[Dixielandjazz] Front Line / Back line Yerba Buena

Steve barbone barbonestreet at earthlink.net
Tue Jan 25 12:52:22 PST 2005

Phil Crumley <pcrumley at compuserve.com>

> Someone recently posted:  "There always seems to be a debate about YBJB set
> up. Does anybody have
> anecdotal or published insight from the originals themselves?"  And I think
> Bob Ringwald said somethig about putting the rhythm section in front so
> they could hear the horns.
> I remember someone of importance in San Francisco jazz history telling me,
> many years ago, that "Lu put the rhythm section in front because one of
> them did NOT have a good sense of rhythm."  Sitting in front of two
> trumpets, a tromb., and clarinet would certainly tend to keep one on the
> beat  - at least until deafness set in.  :-)
> Lu was a very loyal friend to a lot of musicians and it would not surprise
> me a bit that he decided to handle a band personnel problem this way
> instead of replacing the individual.   However,  "one will never know, will
> one?"

Thank you Phil. The reason I asked the question in the first place is
because in NYC in the 1940s and 50s, there was much discussion about YBJB,
Turk Murphy and the odd placement of the musicians.

Deep in my dim memory is a discussion with one of the NYC trombonists at the
time, either Cutshall, McGarity, or Conrad Janis about it.(don't remember
which) And I was told that it was because Turk could not be relied upon to
remain on the bandstand all the time, getting into tiffs with customers
every so often, if he was close to them. So they penned him in.

In NYC, we all marveled at the set-up. It may be as you describe, but then,
it brings up the question about who was keeping the time? The horns? That
seems to me, to be putting the cart before the horse, and a very dangerous
way to lead a band. None of us ever went to the YBJB set-up.

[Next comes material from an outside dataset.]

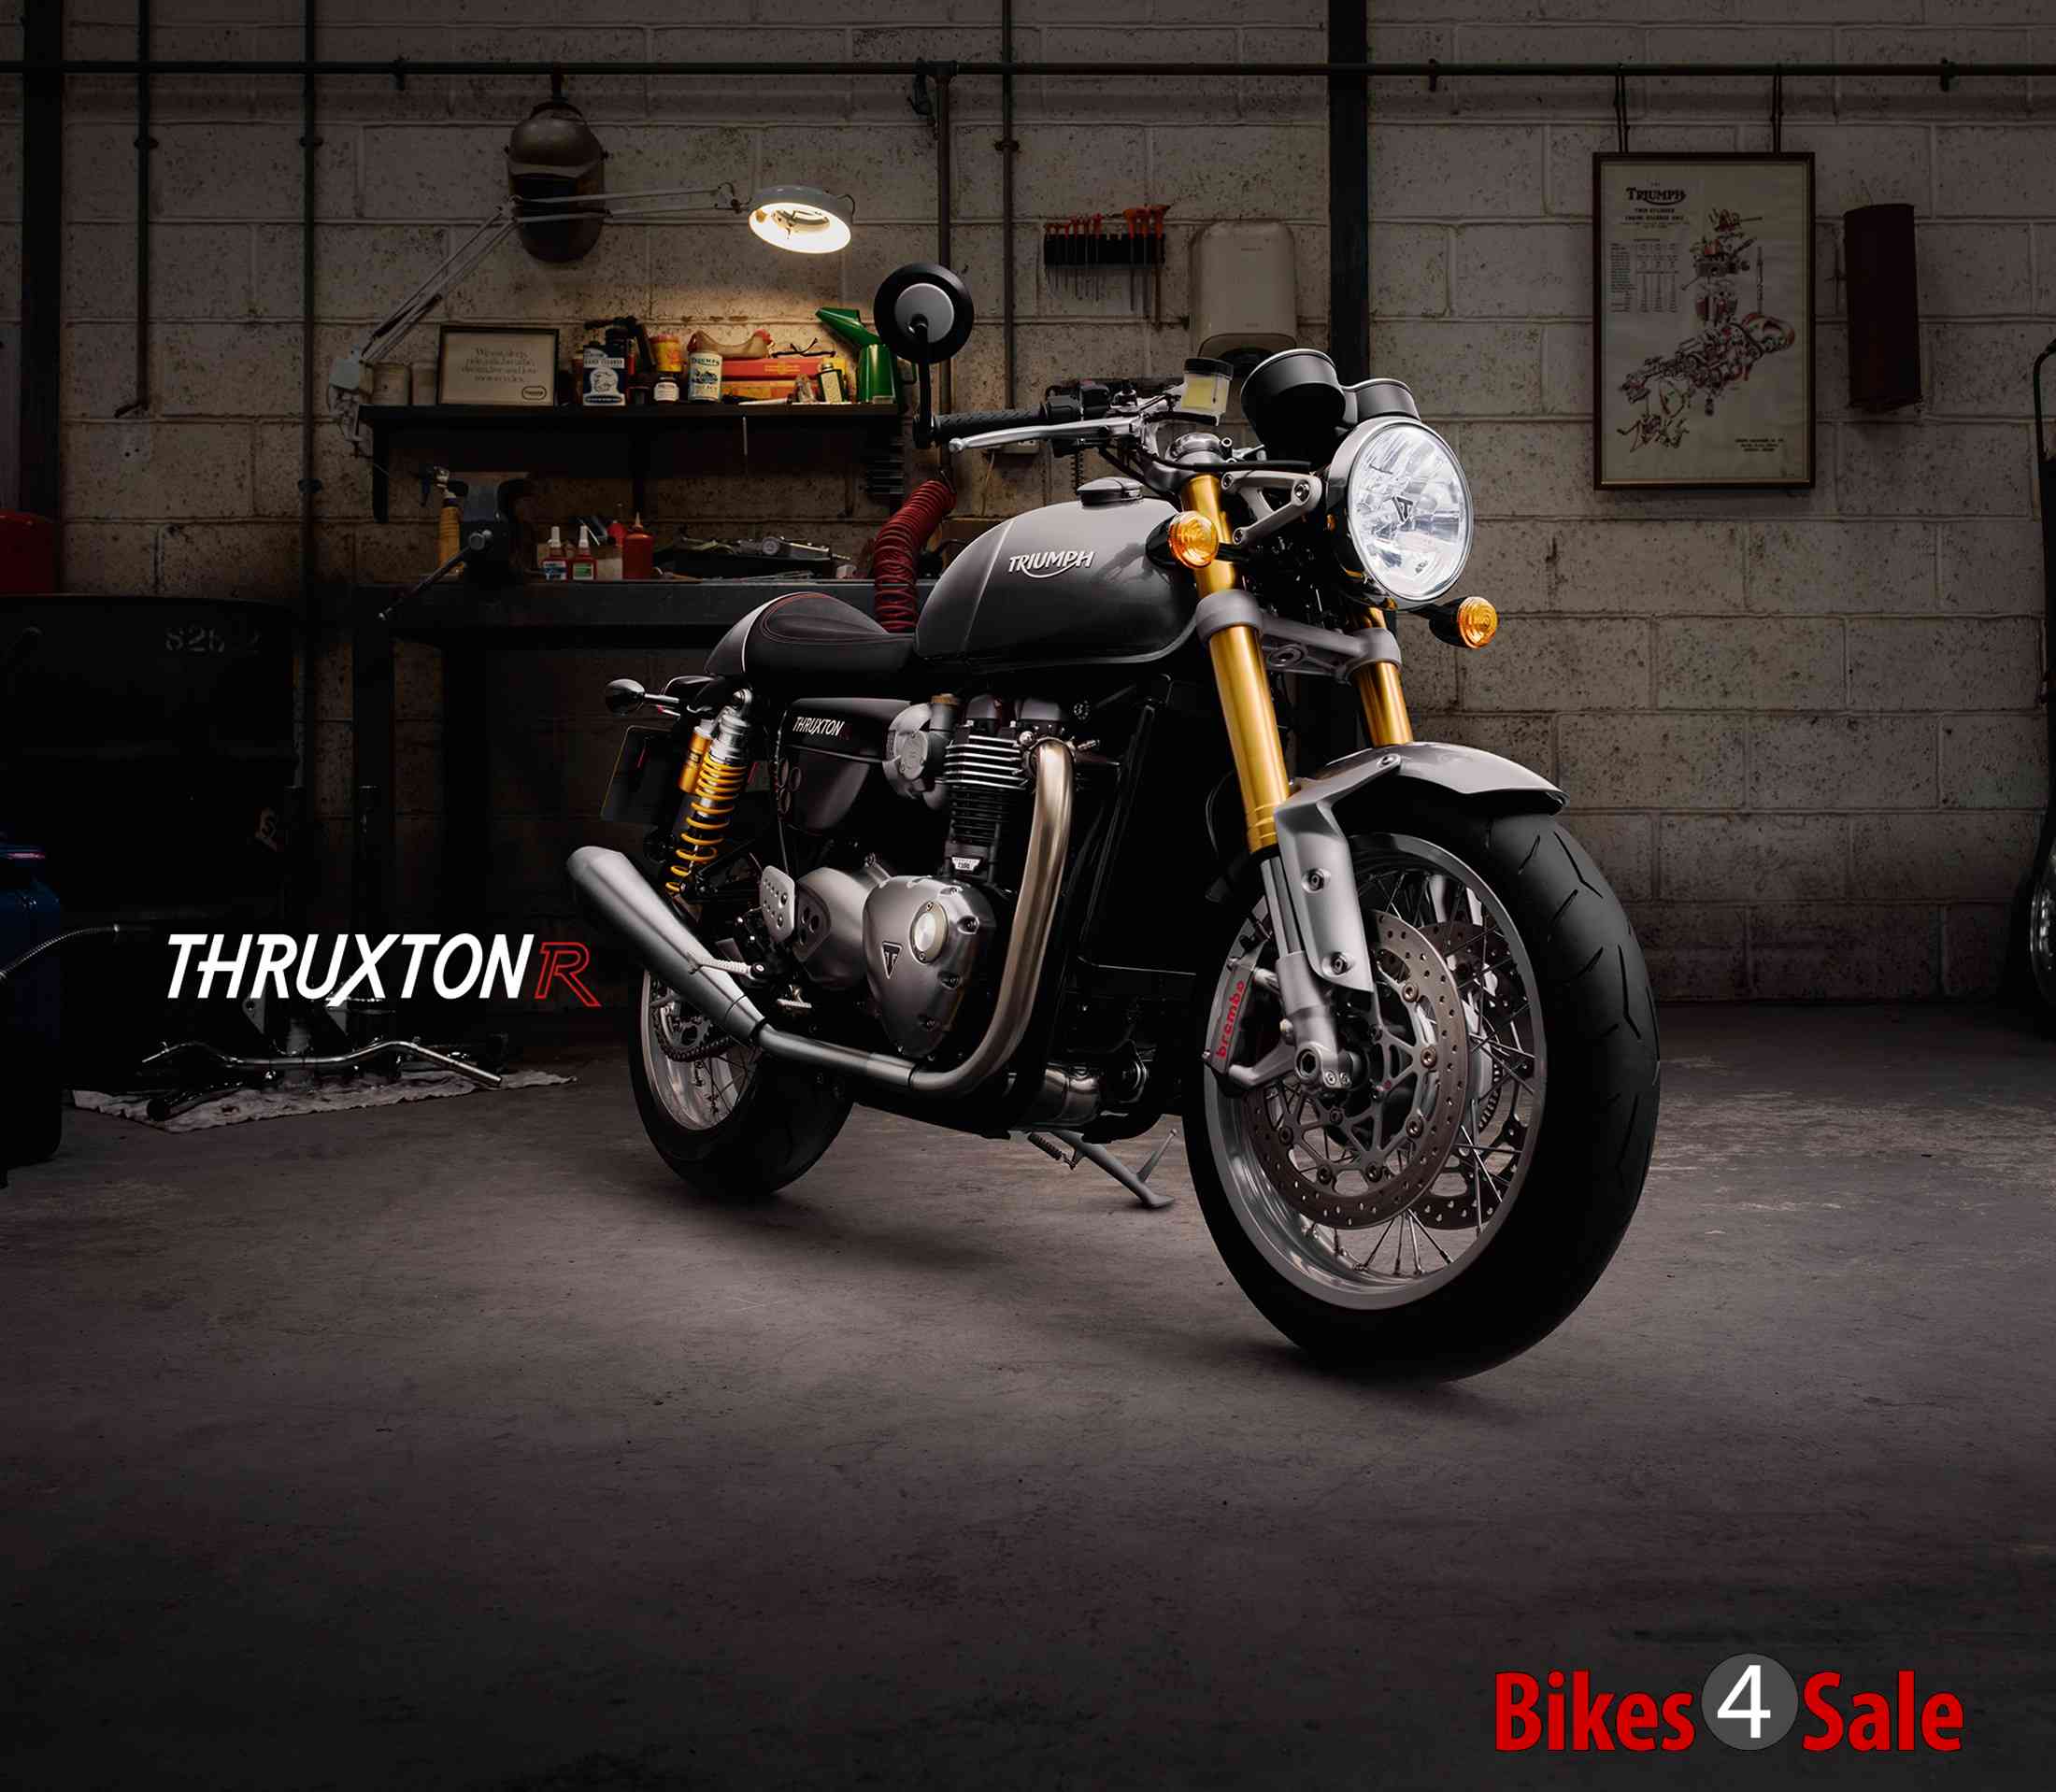 Triumph Thruxton R

YBJB was a fantastic band. Many say they reprised King Oliver but that is
not 100 percent accurate. They may have been influenced by Oliver, BUT they
changed the time from Oliver's New Orleans 4 beat to their own 2 beat. That
was a radical change and seems to me to be of such import that Lu Watters
would want to have a steady rhythm section setting the time, rather than the

The NYC trombonists above were all playing in 4 beat bands and very much
interested in what YBJB had accomplished. We all seemed to feel back then
that 2 beat was, for the most part, "Mickey Mouse", but also that YBJB had
risen above its limitations with a wonderfully musical jazz band.